In the summer of 1946 he was hired as an announcer at radio station CFPL in London, but later that year relocated to Halifax, Nova Scotia, for the opportunity to join the CBC as a staff announcer with the local station in the CBC Halifax Radio Building. According to his autobiography, And Now...Here's Max (1967), he was appalled to find among his assignments the task of hosting a cowboy music show called After Breakfast Breakdown. To protect his anonymity, and in hopes of quick reassignment, he improvised the character of "Old Rawhide", assuming the voice of an elderly ranch hand and giving colourfully disdainful appraisals of the songs he introduced. The character was a breath of fresh air to listeners of the staid national broadcaster, and they relayed their approval with volumes of mail. Accepting his fate, Ferguson devised an entire repertory company of raucous and bizarre characters to interact with Rawhide (all voiced by Ferguson) to amuse himself and his audience, creating daily skits which parodied literary classics and satirized current events and CBC personalities.  Recurring characters (other than Rawhide) included pompous, adenoidal CBC announcer Marvin Mellobell, The Goomer Brothers, Little Harold, The Black Widow Spider, and the adventurous Granny.

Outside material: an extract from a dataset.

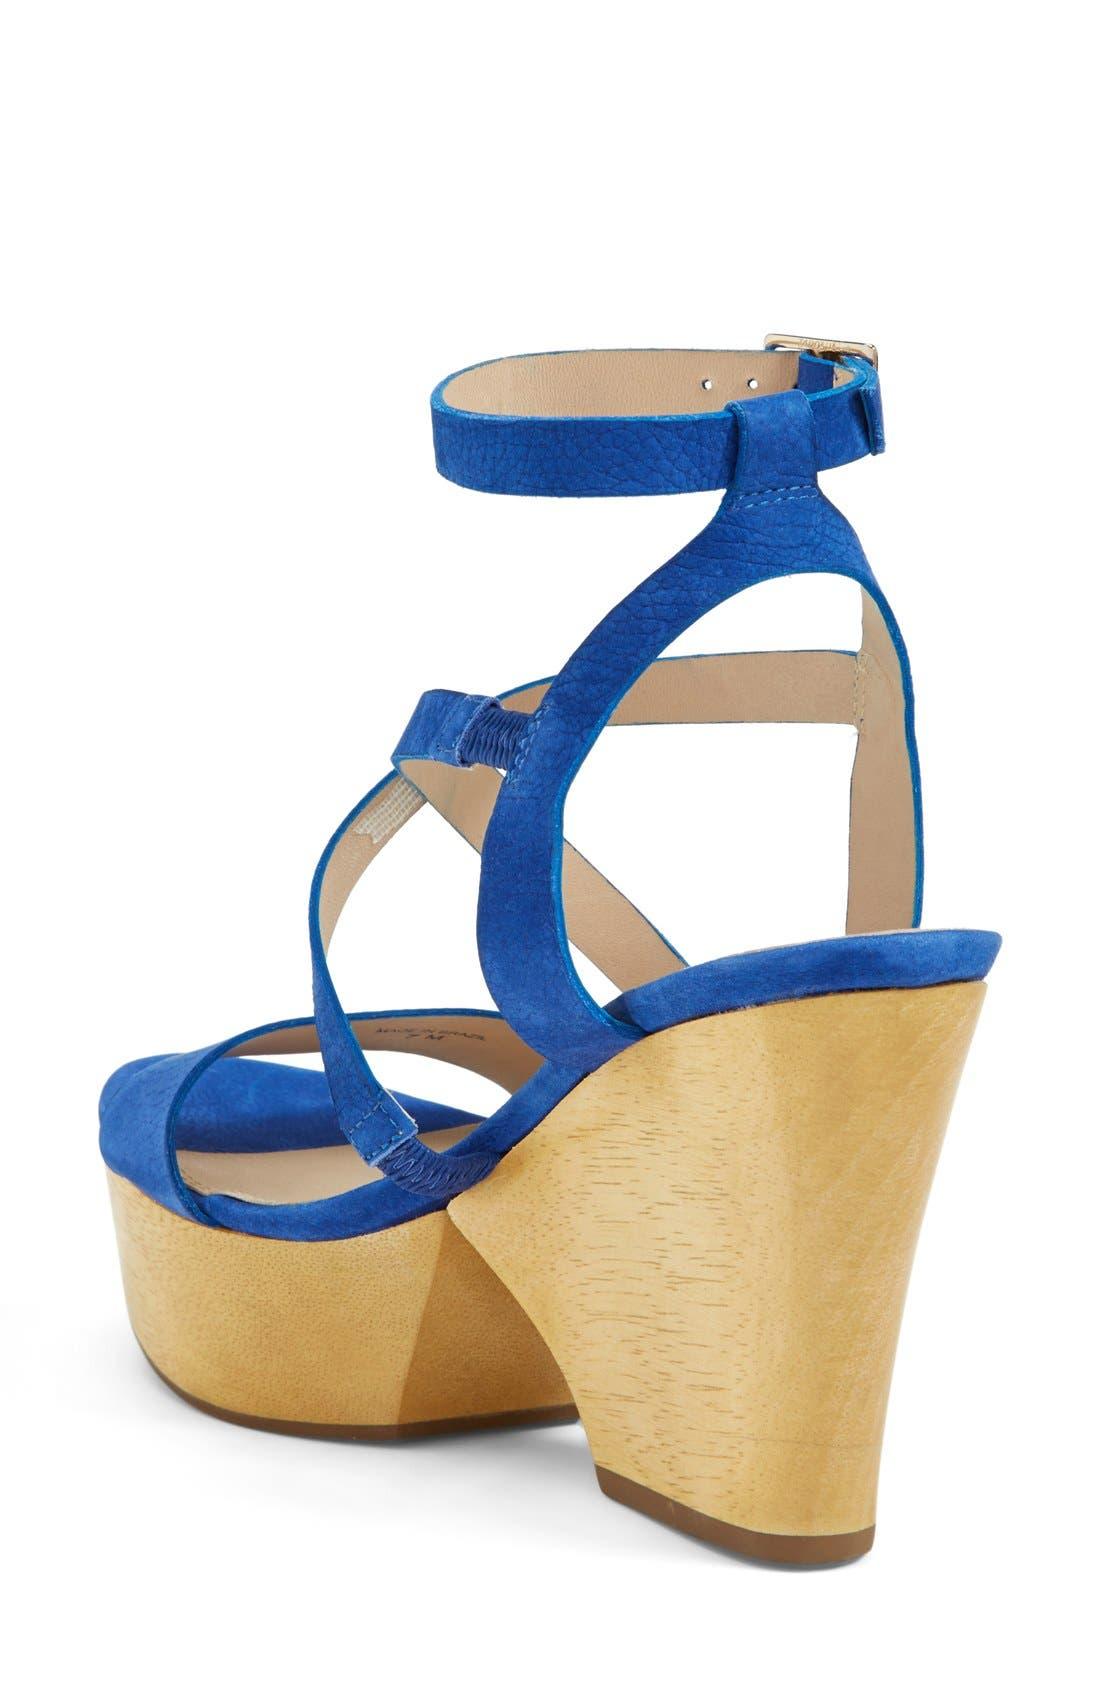 'Lamille' Leather Platform Wedge Sandal,                             Alternate thumbnail 2, color,                             Blue Riviera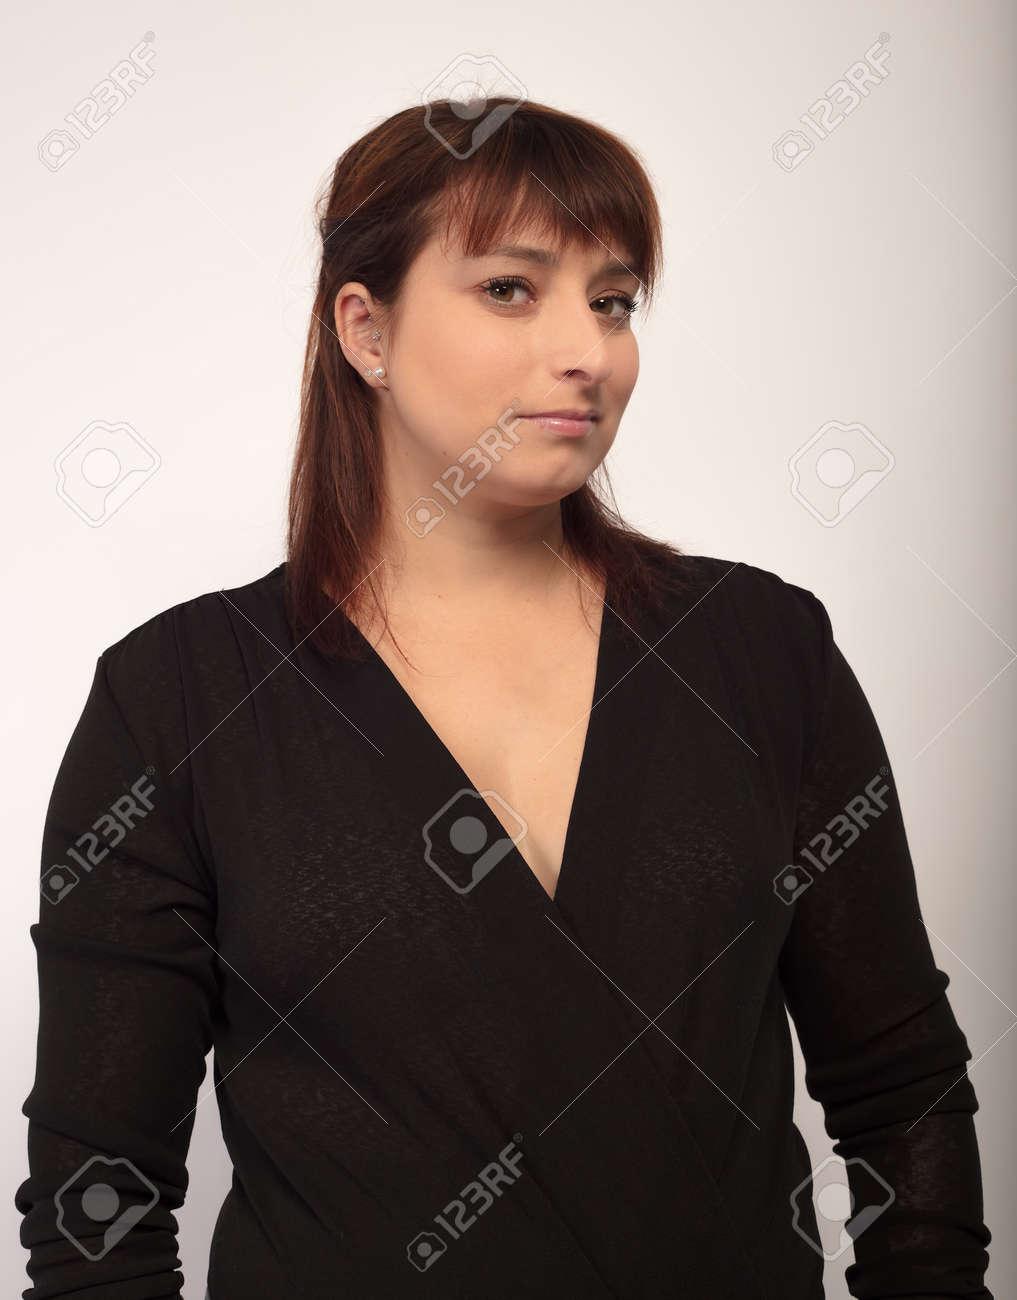 business portrait woman in black dress vertical businesswoman in studio - 158723248

In 1949, the show's popularity led the corporation to transfer Ferguson to its head office in Toronto, where he would broadcast nationally. Rawhide's first coast-to-coast broadcasts caused something of a national controversy when a Member of Parliament rose to denounce the show for its low humour and abuse of the English language. However, it remained one of the most popular programs on air, lasting some seventeen years. Along the way, the cowboy music was dropped in favour of esoteric folk music, making Ferguson a pioneer in the world music genre long before the term existed. He was also able to originate his broadcasts from his beloved Maritimes for a few years in the mid-1950s. Between 1955 and 1960, Ferguson recorded three albums on Folkways Records, each a part of the Rawhide satirical series.  From 1954 to 1961, (while continuing the Rawhide radio program) he branched out to television to host the nightly CBC Halifax program Gazette, and later the CBC Toronto production Tabloid.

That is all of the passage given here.